Subway. Tax.
There is some serious disconnection going on between those two words in the head of Fordites. I'm afraid their touching might result in a short which could cause an explosion.
It's amazing to me how the roles are being turned all around:
The labelled left are arguing for financial and factual conservatism - cold realism, minus pleas for airy social aims and grandiose ends, the dignity of civil procedure and the rule of law. Staying within the budget and allocated government funds. Meanwhile, the right is arguing for vaster governmental expenditures on public transportation - usually painted by that side as collectivist and impersonal and for the failed - a depersonalizing, manipulative goody wielded by collect-and-spend governments to keep citizens huddled and dependent.
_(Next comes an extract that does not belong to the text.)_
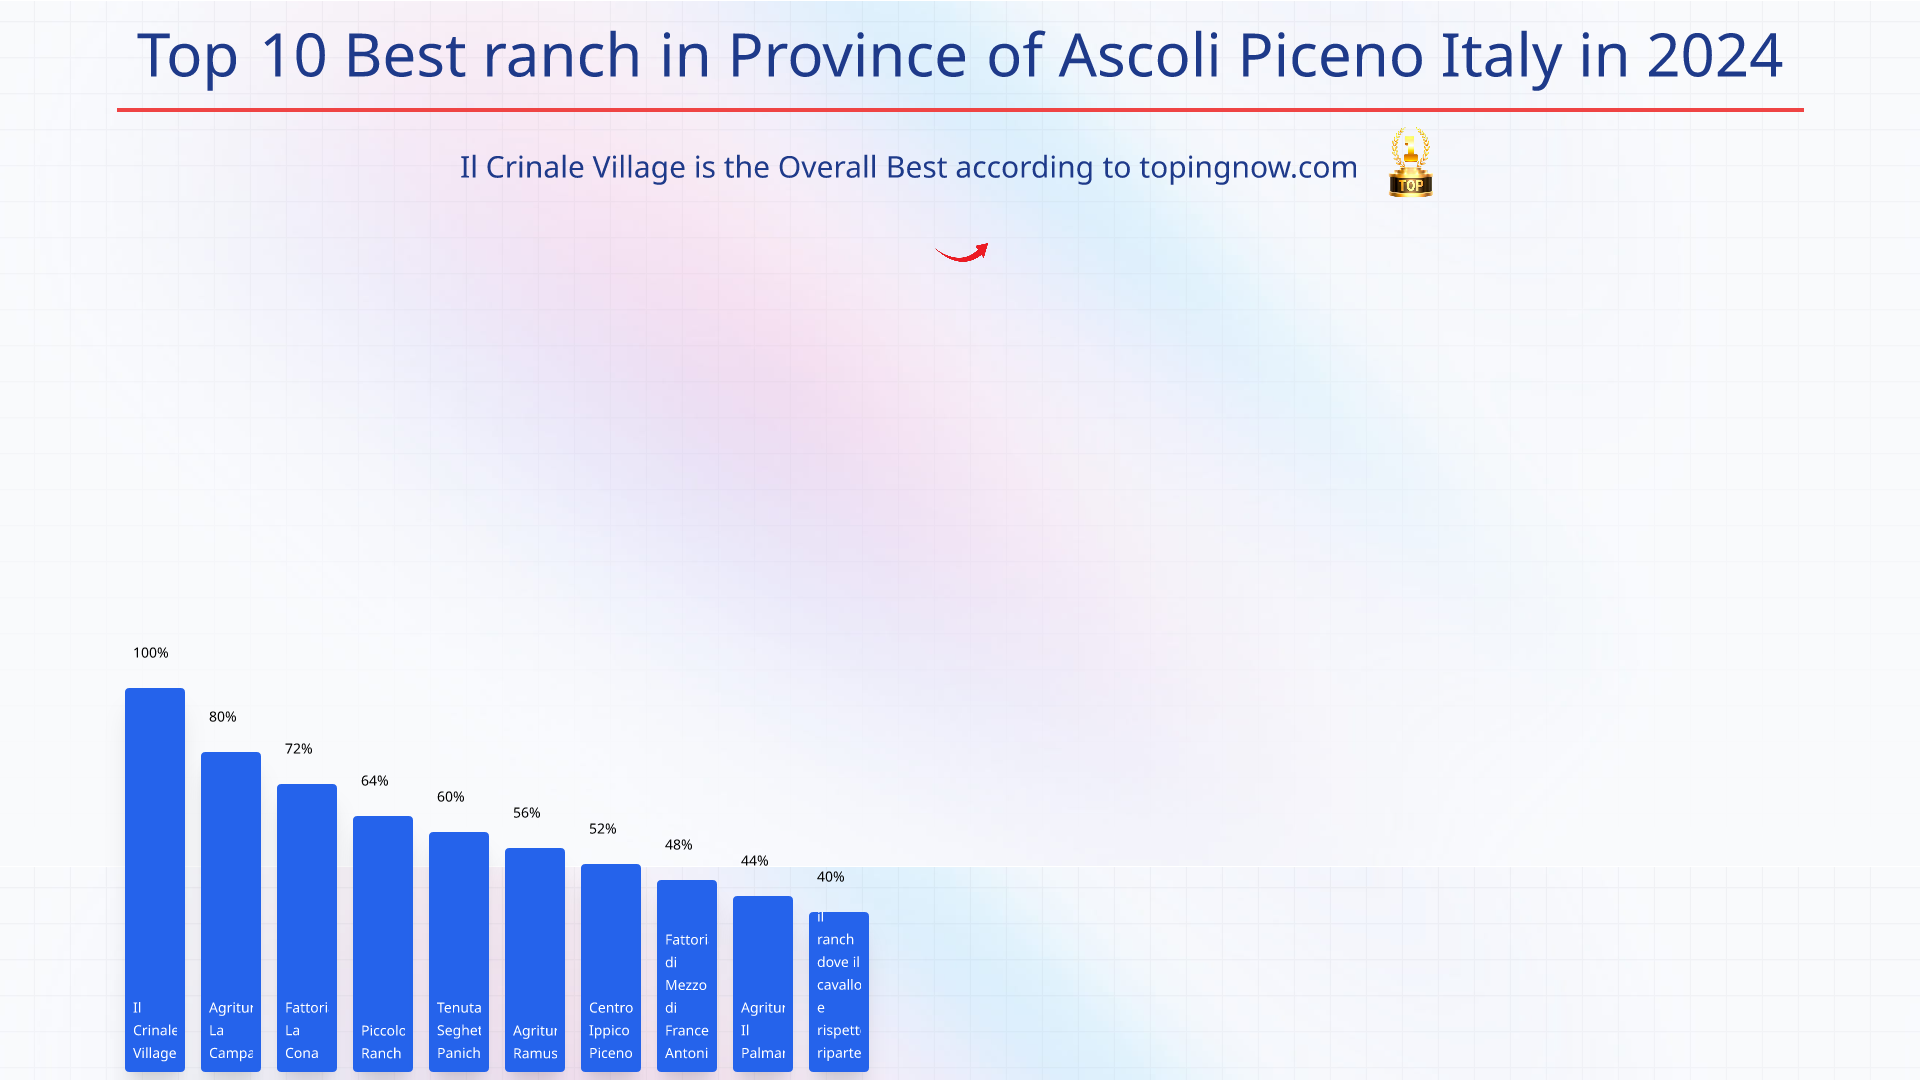 Top 10 Best ranch in Province of Ascoli Piceno Italy in 2024: Top 10 Best ranch in Province of Ascoli Piceno Italy in 2024

The fascinating warp at the centre of this is how an anti-transit, pro-car crowd has ended up fighting for a unfounded fantasy of the most expensive mass transit system available, while not abandoning their automobilies-equal-individuality mindset. They want this done through nothing less than a coup against existing government and the factuality of their engineering departments. Which, of course, are the only ones who can fund it and make it actually work.
It's also amazing to me how history is being rewritten:
Ford never campaigned 'On Subways'. He campaigned factually on one subway: the Sheppard line. Eglinton and Finch were to get buses. Nothing else. He also stated that it would pay for itself through reallocation of Transit City Funds plus private sector investments, and not cost a dime. His videos are all there online, intact.
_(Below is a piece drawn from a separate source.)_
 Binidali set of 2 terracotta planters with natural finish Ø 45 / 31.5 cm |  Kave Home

The revisions that he supported both Sheppard and Eglinton underground came later.
The Fordian 'subway' that supposed conservatives are demanding as if it were a leftist 'right' and fact (e.g. "housing is a right!"), is seamlessly fused to 'won't cost a cent'. One can't exist without the other. In short, it doesn't exist and never has. It was and is a mirage.
It would be more fair to say that Ford continuously campaigns on subways, rather than he ever had a expansive, workable, fundable, realistic plan that could be realized. In short, it was an election lie. Or, for those who prefer to see Ford as honest, a belief. Currently, a popular and populist desire.
'Subway' is what he campaigned on. 'Underground' was the buzzword. 'Subways' is what he carries on about.
It seems to me that the Ford mayoralty could be called the 'belief' mayoralty. There's more than a few commentators out there who believe that Ford is impeccably honest, because Ford so thoroughly believes Ford is honest. That this circular ignorance equals purity and strength. That because the Mayor doesn't recognize his shortcomings, he might be able to have none. If we all believed, too, then it would be true.
It is clear to anyone with an ear for tone, that Ford's campaign from the start was not going to be one of city-building, but that it was one of blunt, primary fantasies larded with revenge. There's lots of ideas out there about what people were and are angry about, too many for me to write about here. But it was clear that it was revenge against the eggheads, the professors, the experts, the artistic. It was revenge against the core for...what? Complexity? For already having lived through what the suburbs are just starting to face? Both envy and derision? I don't believe it was that Miller ignored the suburbs, as his mayoralty introduced all kinds of initiatives that favoured them. Maybe the issues were bigger than Miller, and no mayor could have introduced enough startups quickly enough to mollify them.
For all the talk about subways, Ford has never indicated the slightest interest in projects that would seriously help downtown, like the DRL. I don't even think he has the talent to be an actual populist - I'd leave that to the slippery persuasion firm led by Mr. Kouvalis and other politicians. I think Ford is simply a Fordist, going around and around, ventriloquising the role he learned in that family of his - the one that first taught him how to be desperate for acceptance.